Bless her heart! I bet either the rug or the wicker bed were the culprits! I bet she got her nail hung and eventually lost it! How painful. Riley has gotten a nail caught when I'm getting him out of his sleepy pod. Luckily I have been able to untangle him with no damage. Hugs for Lisi!


----------



## edelweiss (Apr 23, 2010)

Thanks Sherry. I don't think it is the wicker bed as the only part showing (it is covered in a big pillow) is the side that she has started to bite on & that is too high to get caught up in. I do have Persian rugs but they have never been an issue---just the jute/seagrass one in SC when we were there in Nov. at our friend's condo. She was definitely afraid of it. The funny thing is she had been to the groomers just 2 days before we flew to SC so her nails would have been short & the groomer did not mention a missing nail. I checked it again today but she is very protective & dramatic about it which makes looking closely difficult. The nail she used to bite looks good & has grown back. This one seems to be newly missing & is very, very tender. I can't even touch the pad next to the one that is missing. Poor baby.


----------



## revakb2 (Sep 8, 2006)

I sure hope that Lisi is ok and not in too much pain.


----------



## edelweiss (Apr 23, 2010)

As long as I don't try to get near the paw she is fine---no issues at all---so maybe she just lost it some way & that is the end of the story.


----------



## Snowball Pie's Mommi (Oct 16, 2008)

Sandi, one big lesson I learned is that often when our fluffs are feeling discomfort and/or pain ... they just don't show it. When Snowball was suffering a critical heart attack (and, it was critical ... I almost lost him) he didn't cry or show signs that he was in distress. Yes, his breathing was rapid ... and, thank goodness, I was aware that was not normal for him. Earlier that evening, he had been at the vet's office for pre-dental lab work. Everyone, except me, thought he was just under stress with the visit to the vet's office. 

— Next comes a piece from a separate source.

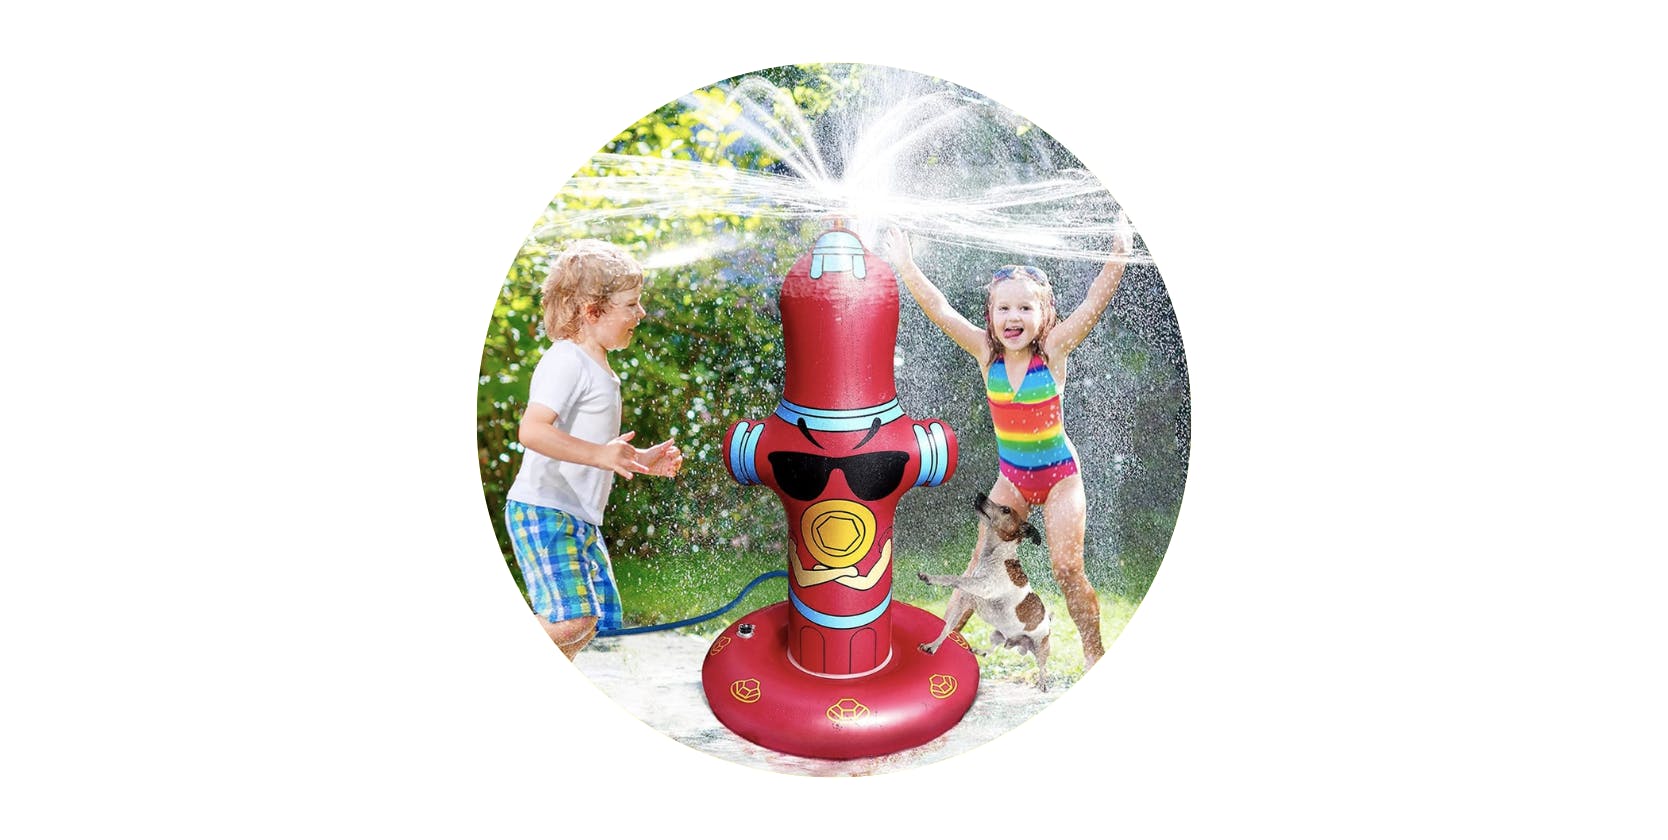 tanga 50-Inch Inflatable Fire Hydrant Water Sprinkler stock image 2023

When we got home, his breathing did not settle down ... in fact, it became more rapid per minute. I will always remember Snowball on the bed with me. Every once in a while he would look up at me ... but, he didn't look as though anything was bothering him. He almost looked as though he was smiling at me. Now I realize that he was trying to tell me something ... that he was feeling uncomfortable. So, I would have never forgiven myself if I didn't take action and gotten him to the emergency room when I did. I just wish I would have gotten him there earlier ... with my knowing his breathing was off ... even when at the vet's office the staff thought he was just stressed from that office visit. 

I have also learned that if our pups cry out with a yelp ... it is usually a sign that something is making them feel uncomfortable. 

Snowball, too, has been licking his paws and feet ... to the point that I don't think it's normal. If I ask him, in a firm voice to stop ... he usually does. But, then I feel bad, because I know he is making efforts to please ... to the point of allowing himself to feel pain or discomfort. So, I am working with Krisi to find out why he is doing this. Often when he does this, he reaches for his hind leg, too ... so, I do think it's pain related.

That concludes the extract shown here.